THE IMPORTANCE OF THE MOTHER AS A BIOASSAY FOR DIAGNOSING AND TREATING FOETAL THYROTOXICOSIS
ST Wahid1, R Jha2, K Brown3 & JU Weaver1
The foetus of a mother with previous or current Graves disease is at risk of developing thyrotoxicosis. The mother can act as a bioassay to diagnose foetal thyrotoxicosis. We describe the difficulties in managing foetal thyrotoxicosis in a mother who could not act as a bioassay because of previous Graves disease treated by total thyroidectomy.

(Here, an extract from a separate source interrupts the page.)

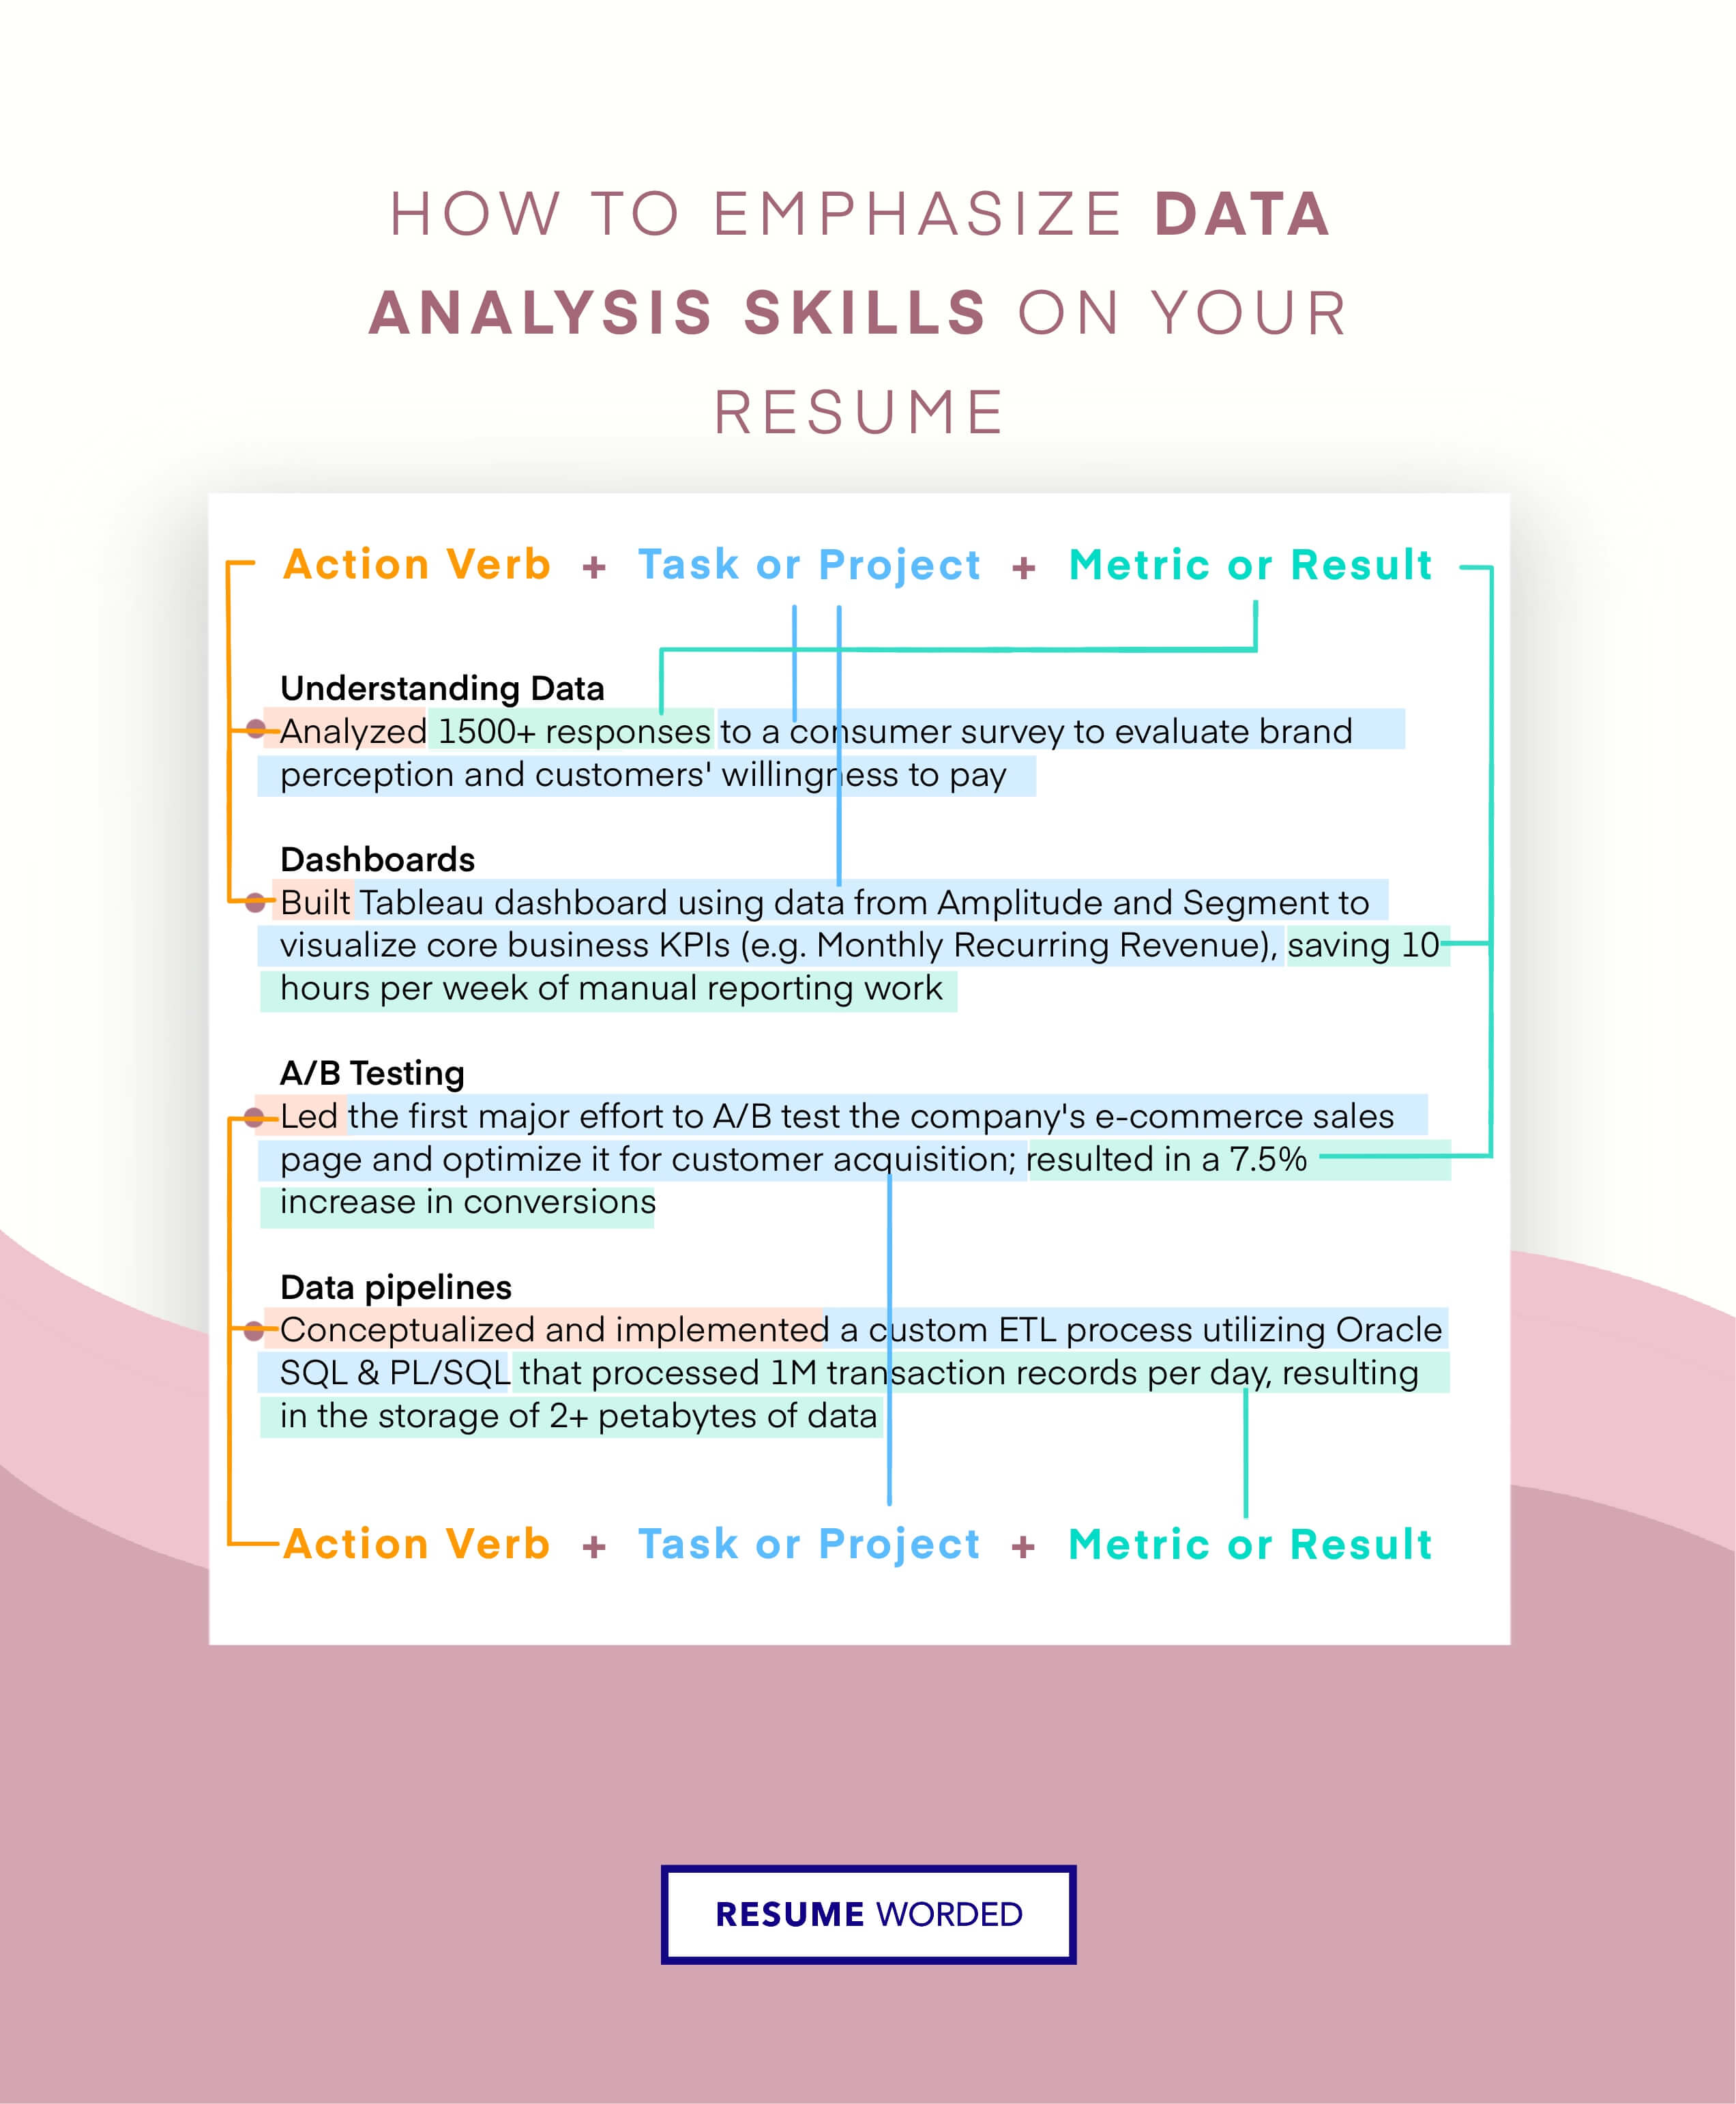 Emphasize your data entry skills - Data Entry Analyst Resume

A 35year old woman fell pregnant 3 months after a total thyroidectomy for relapsed Graves disease and concomitant eye disease. Her thyroxine dose was increased from 150 to 250 microg o.d over the first 12 weeks to maintain euthyroidism throughout pregnancy. At 17 weeks gestation (17/40) a TSH-receptor binding inhibitory immunoglobulin (TBII) level of 58 u (normal <15 u) suggested that the foetus had a high risk of developing thyrotoxicosis. TBII rose to 70 u by 25/40. Thereafter bi-weekly TBII, weekly foetal heart rate (FHR) monitoring via cardiotocography and monthly foetal biophysical profiles were done. Up to 30/40 FHR remained less than 160 bpm, TBII varied from 66-73 u and foetal growth was satisfactory. At 31/40 a FHR of 166 bpm suggested foetal thyrotoxicosis. The mother was administered propylthiouracil (PTU) 50mg t.d.s. At 33/40 FHR was still high at 151 bpm, requiring PTU 100mg t.d.s. Until delivery FHR remained controlled at 124-140 bpm and TBII varied from 64-73 u. A 7lb-baby boy with a TSH of 61 mu/L (normal 1.0-9.1 mu/L) was delivered. Thyrotoxicosis developed 5 days later (TSH=0.41 mu/L, free T4=71.9 pmol/L (normal 9-40 pmol/L)), which required treatment with propranolol and PTU until neonatal TBII levels had fallen from 79 to less than 5 u 8 weeks after birth.
Our case illustrates the difficulty in maintaining euthyroidism in foetal thyrotoxicosis despite TBII and FHR measurements. Total thyroidectomy in women of childbearing age with Graves disease should be undertaken as a last resort.